[Task item]
Set the whole listing down again, word for word, with no pictures.

[Collected material]

· · · ·

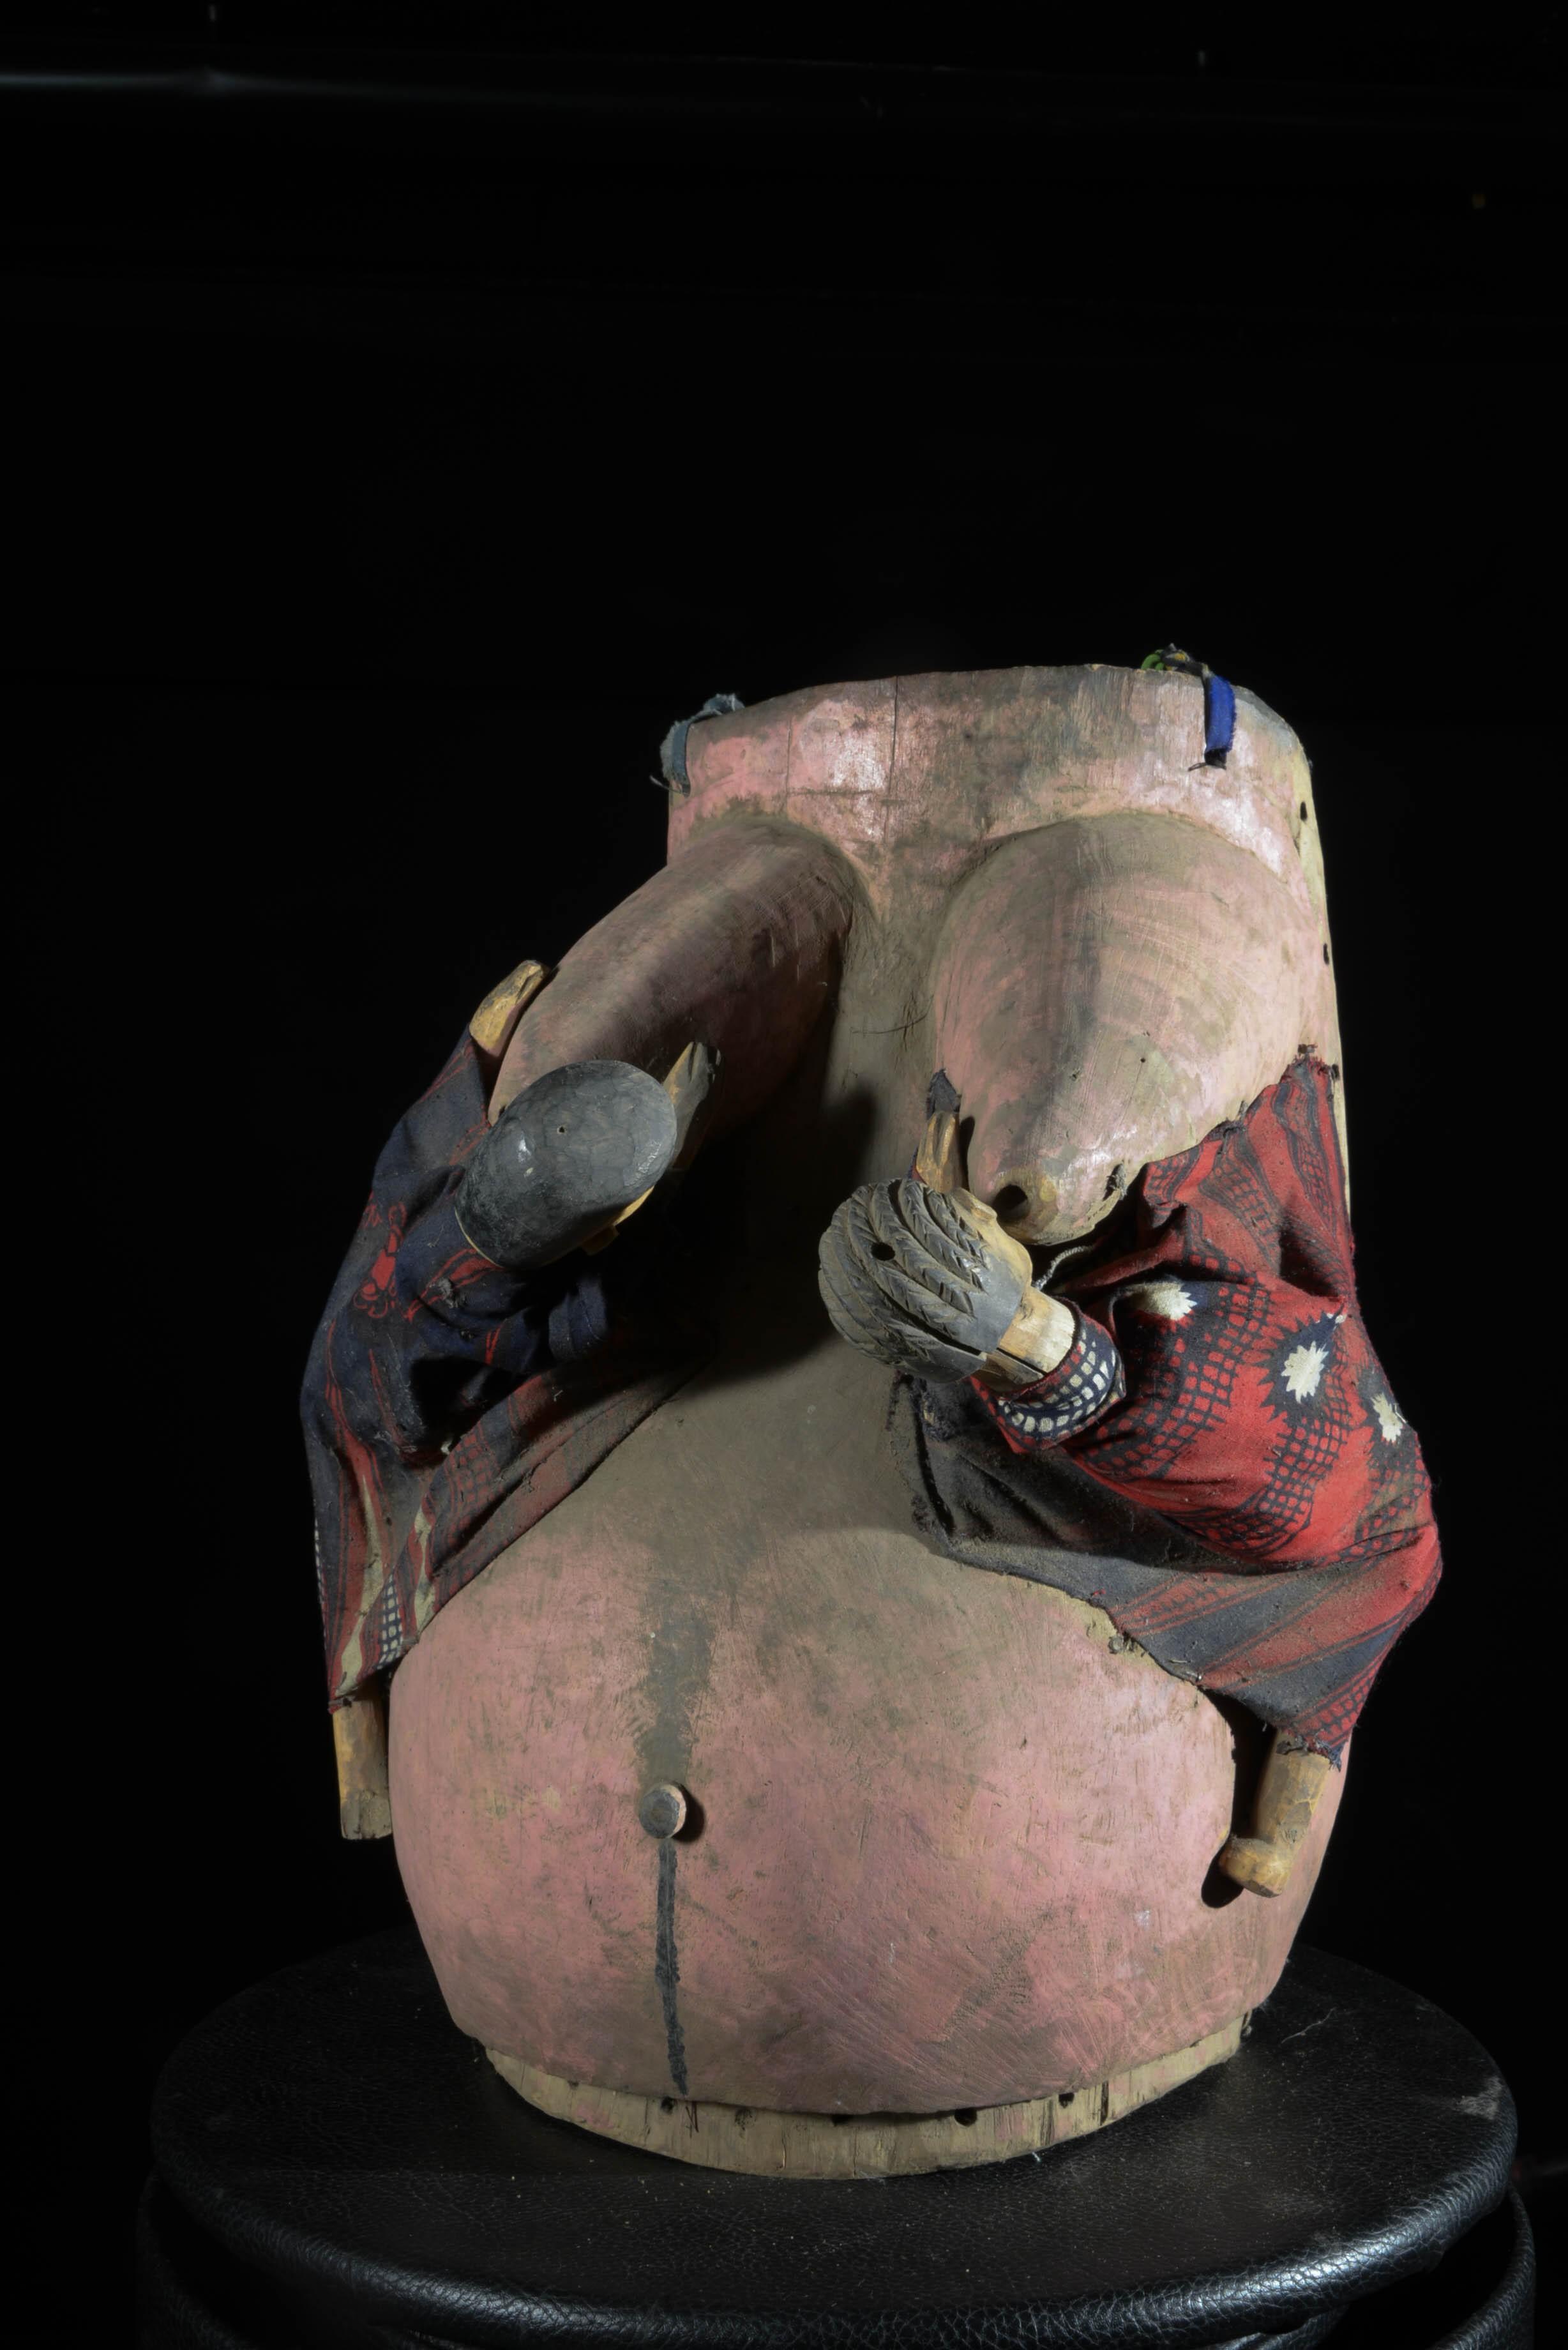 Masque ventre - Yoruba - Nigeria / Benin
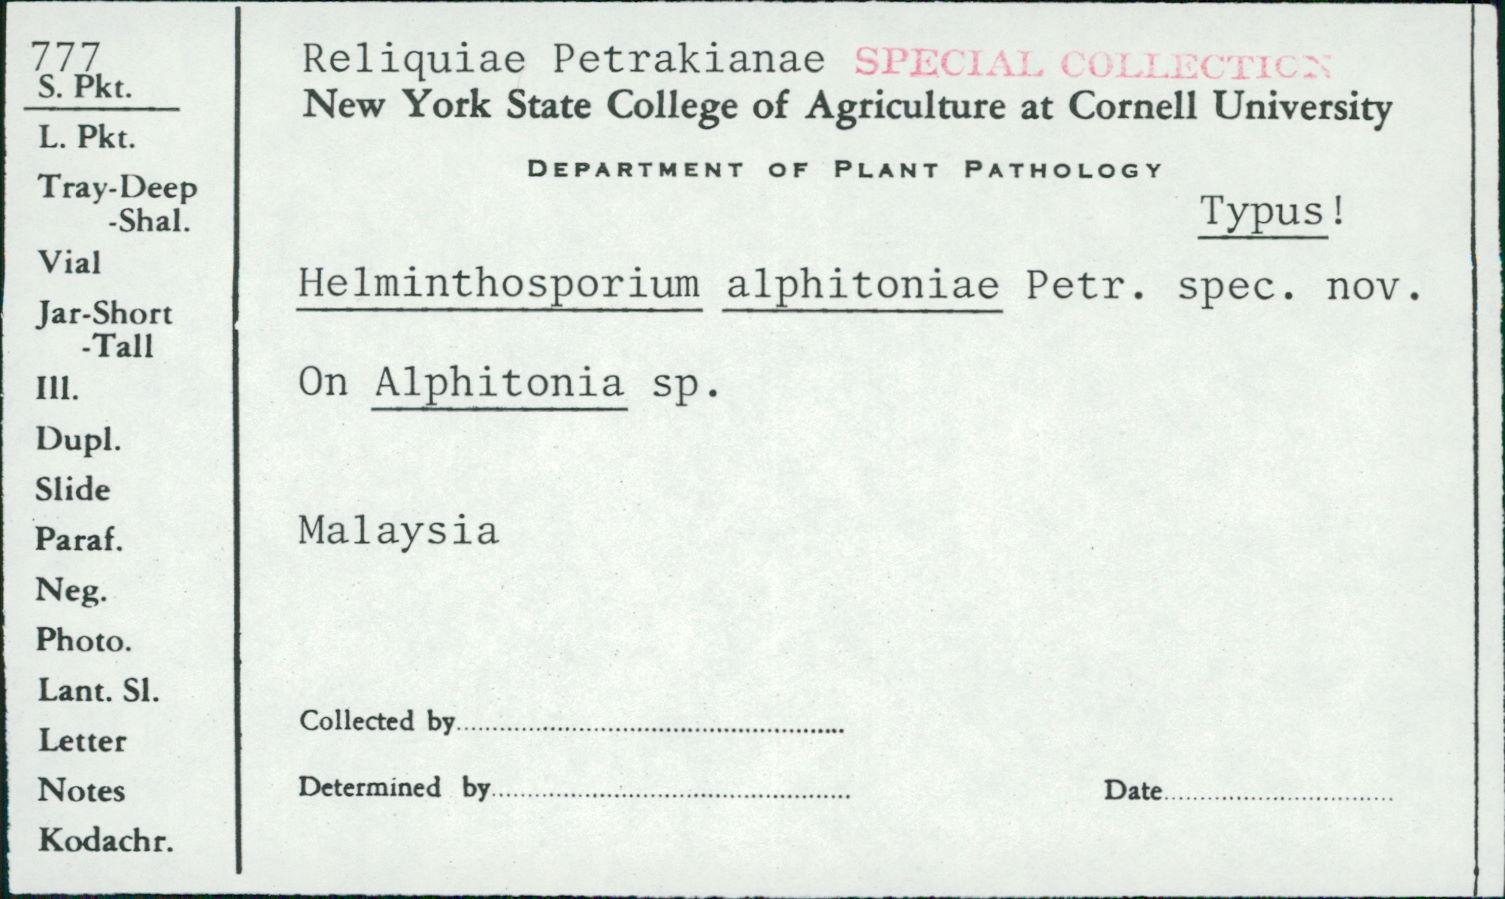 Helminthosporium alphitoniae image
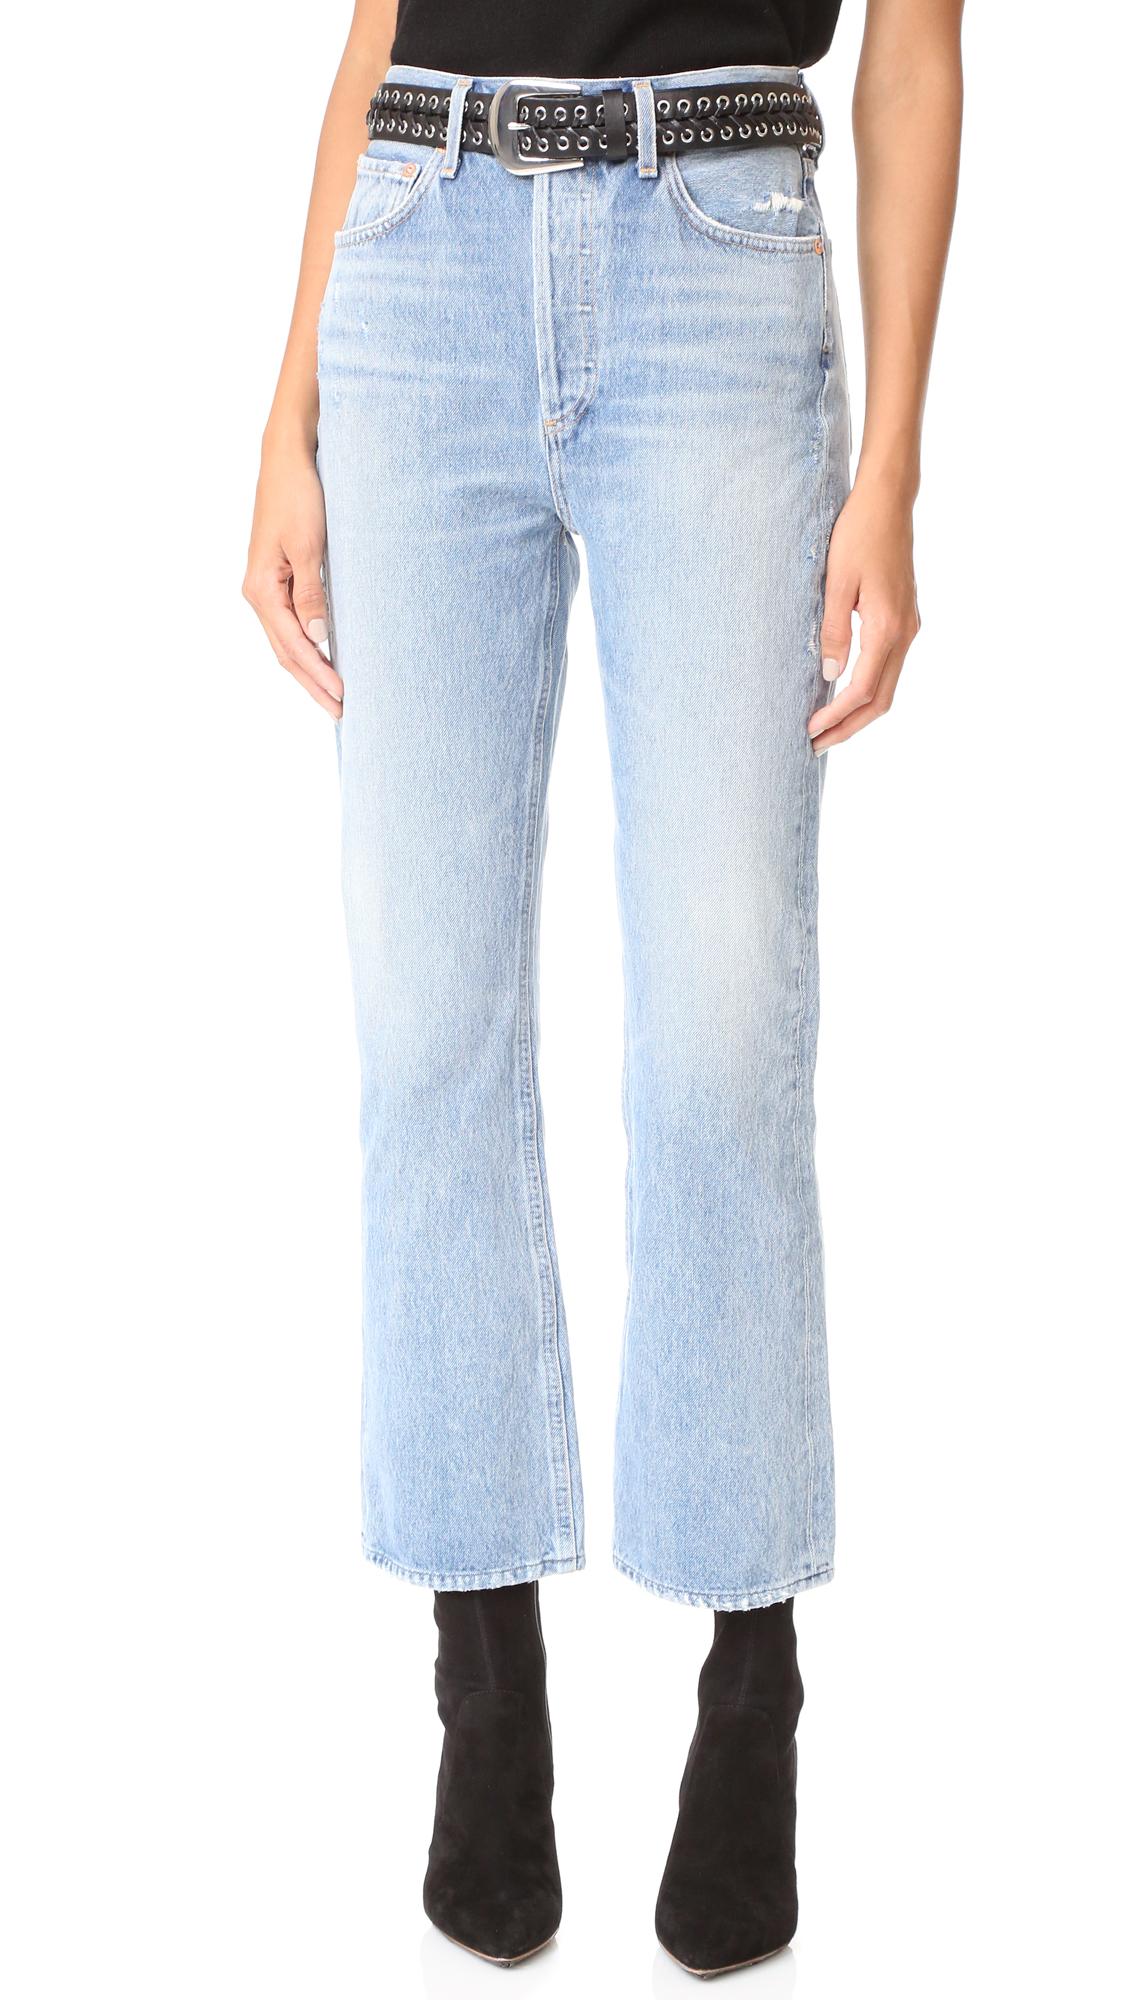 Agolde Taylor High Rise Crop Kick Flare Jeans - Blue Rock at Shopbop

· · · ·

[Answer below]
 Masque ventre - Yoruba - Nigeria / Benin
 Helminthosporium alphitoniae image
 Agolde Taylor High Rise Crop Kick Flare Jeans - Blue Rock at Shopbop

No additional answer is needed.